### INFORMATION SHOWN
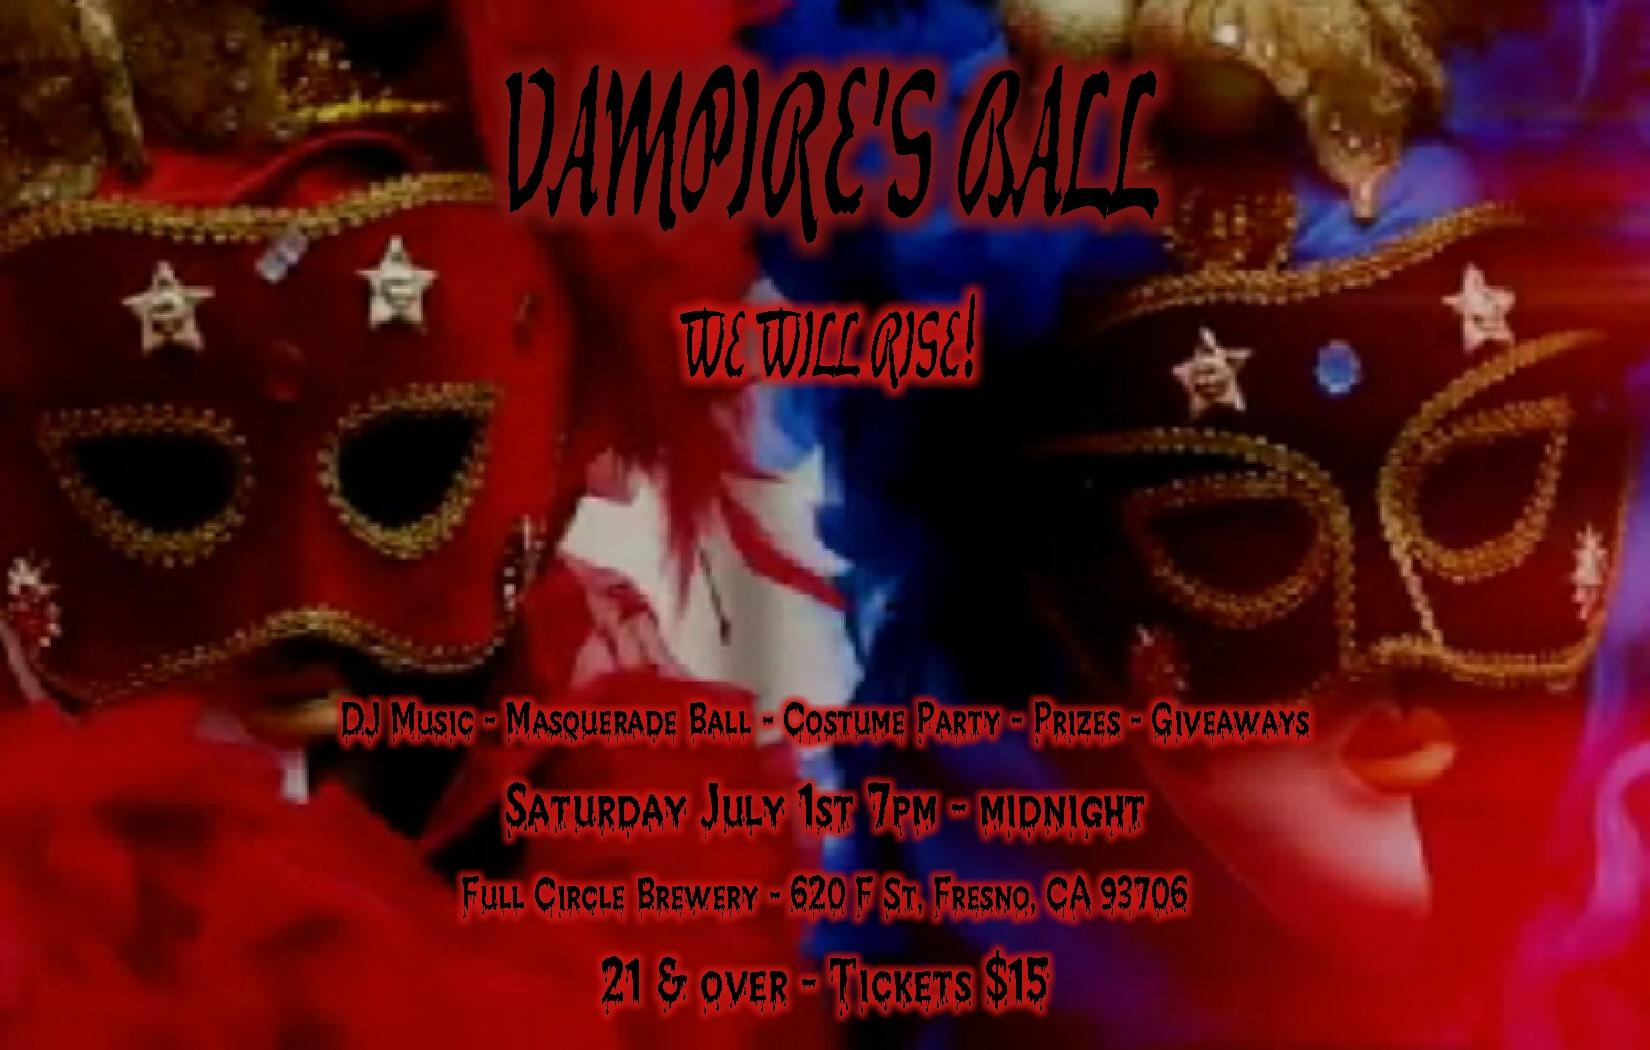 Vampire's Ball - Masquerade Ball
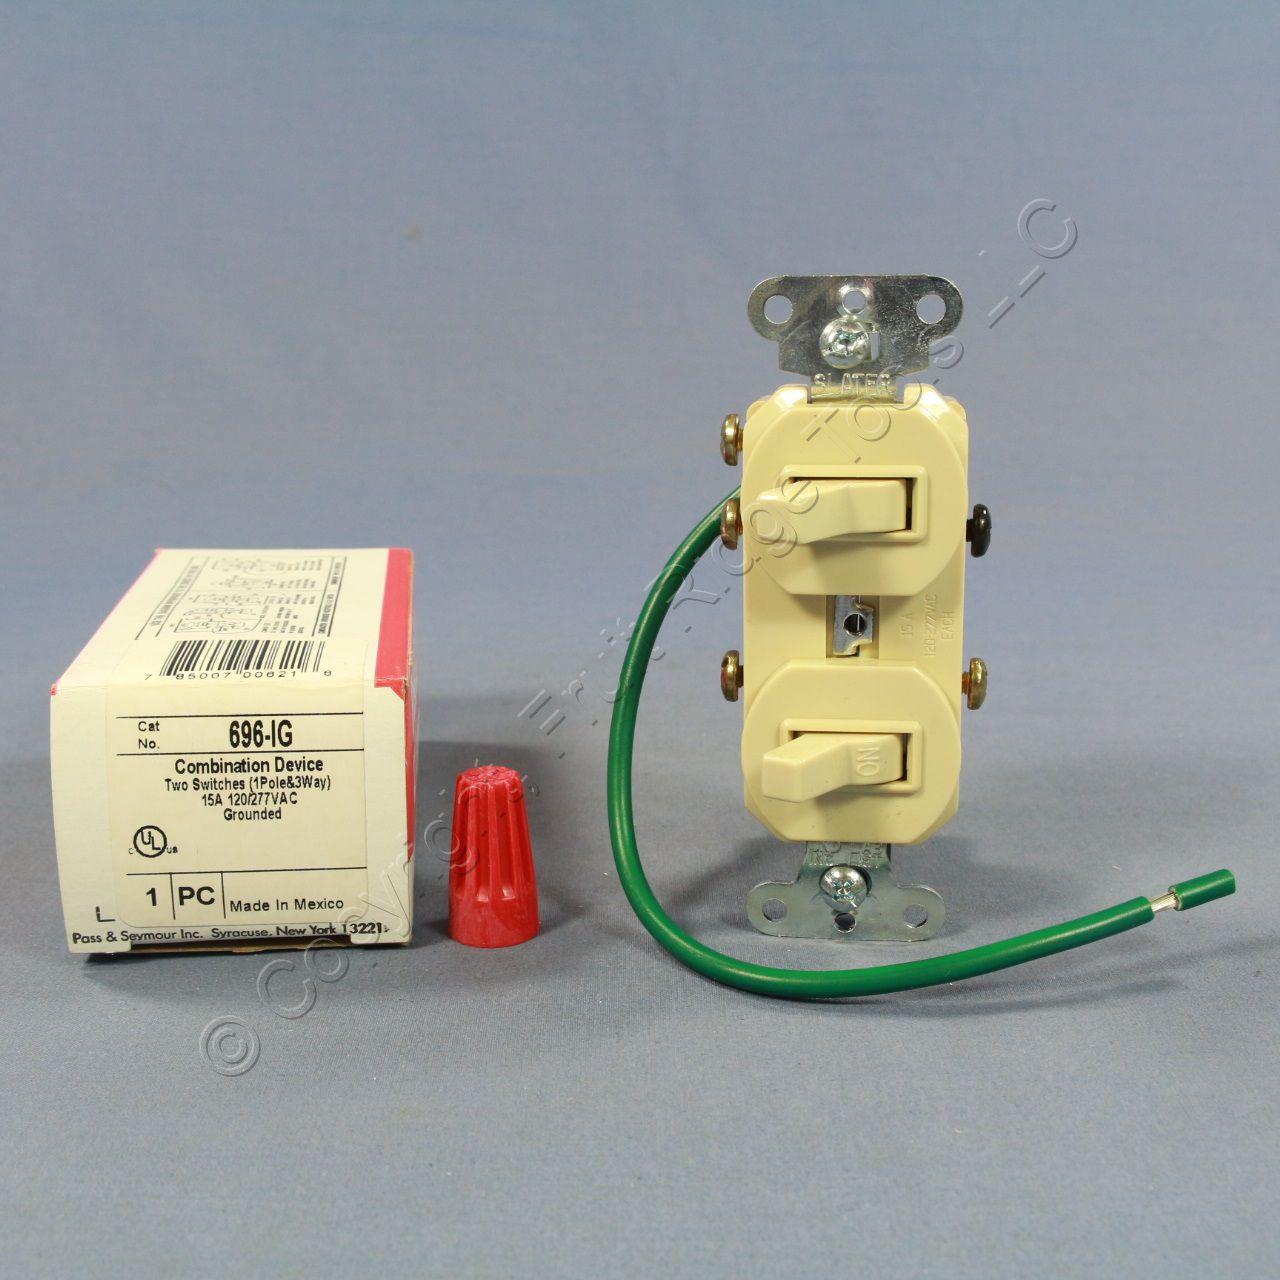 New Ps Ivory Single Pole 3 Way Toggle Wall Light Switch 15a 120 277v 696 Ig
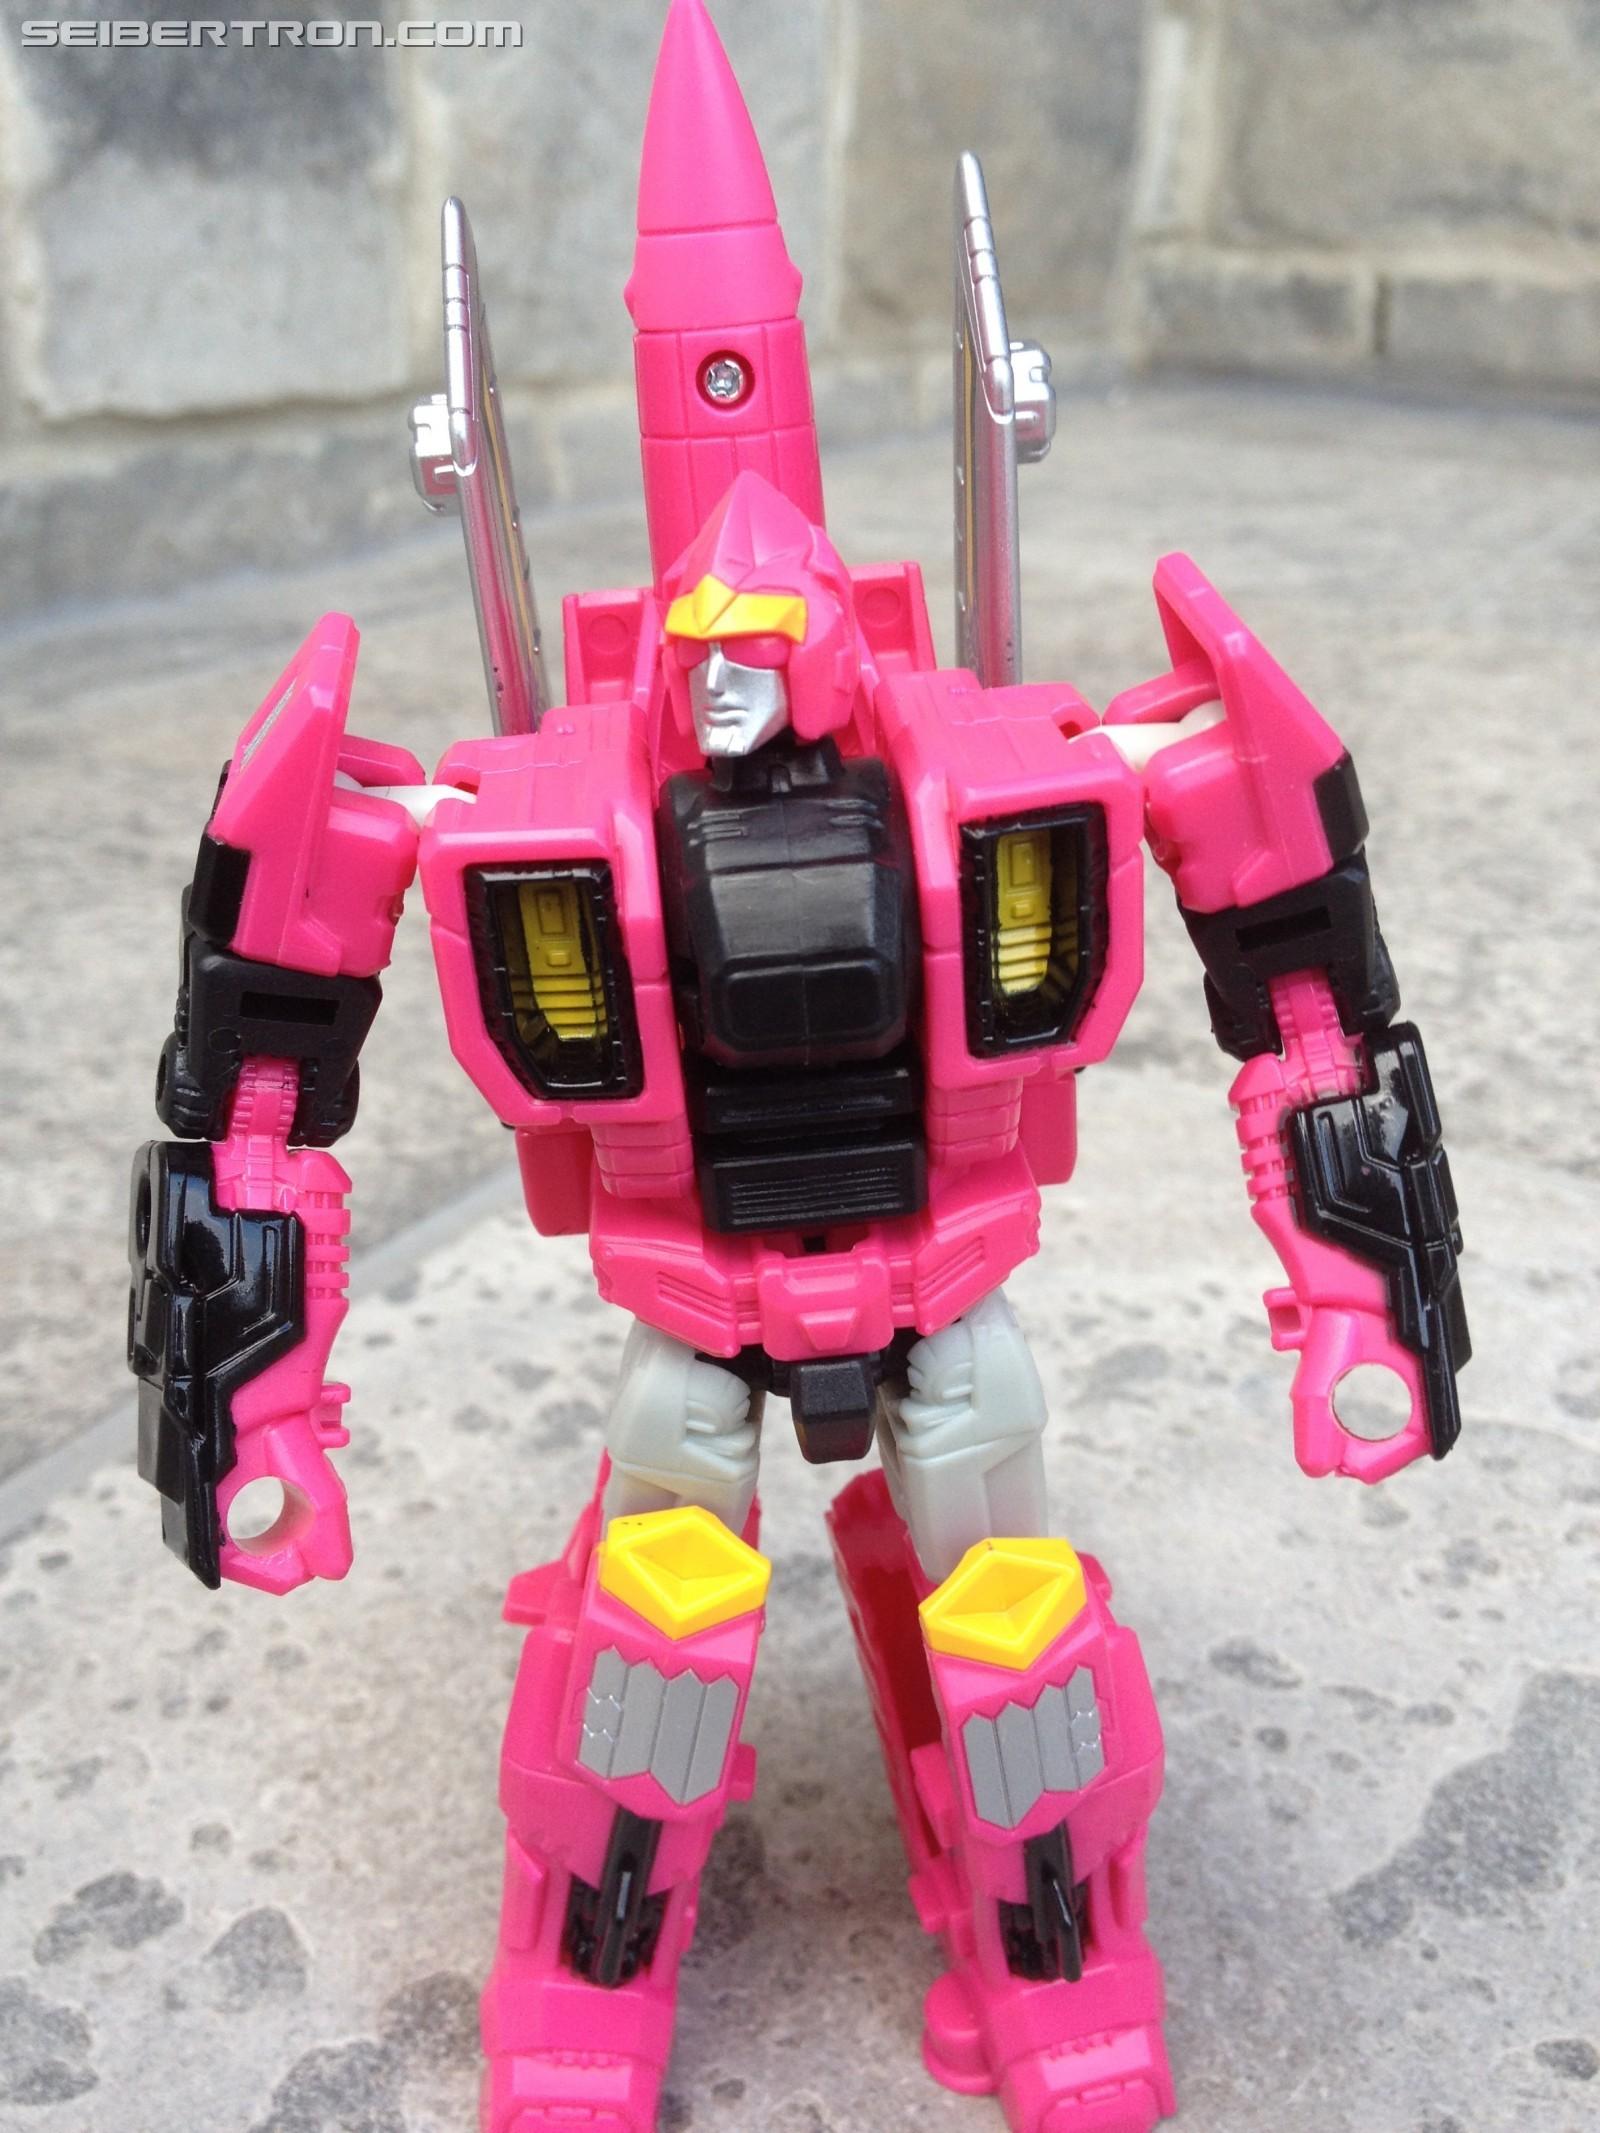 Transformers News: Top 5 Best Combiner Components (Limbs / Torsos) from Transformers Combiner Wars and Unite Warriors
######
_WORK REQUIRED_. Wherever an image sits in the data, omit it; everything else must be copied exactly.

_RESULT OF THE EXERCISE_.
 Vampire's Ball - Masquerade Ball
 New Ps Ivory Single Pole 3 Way Toggle Wall Light Switch 15a 120 277v 696 Ig
 Transformers News: Top 5 Best Combiner Components (Limbs / Torsos) from Transformers Combiner Wars and Unite Warriors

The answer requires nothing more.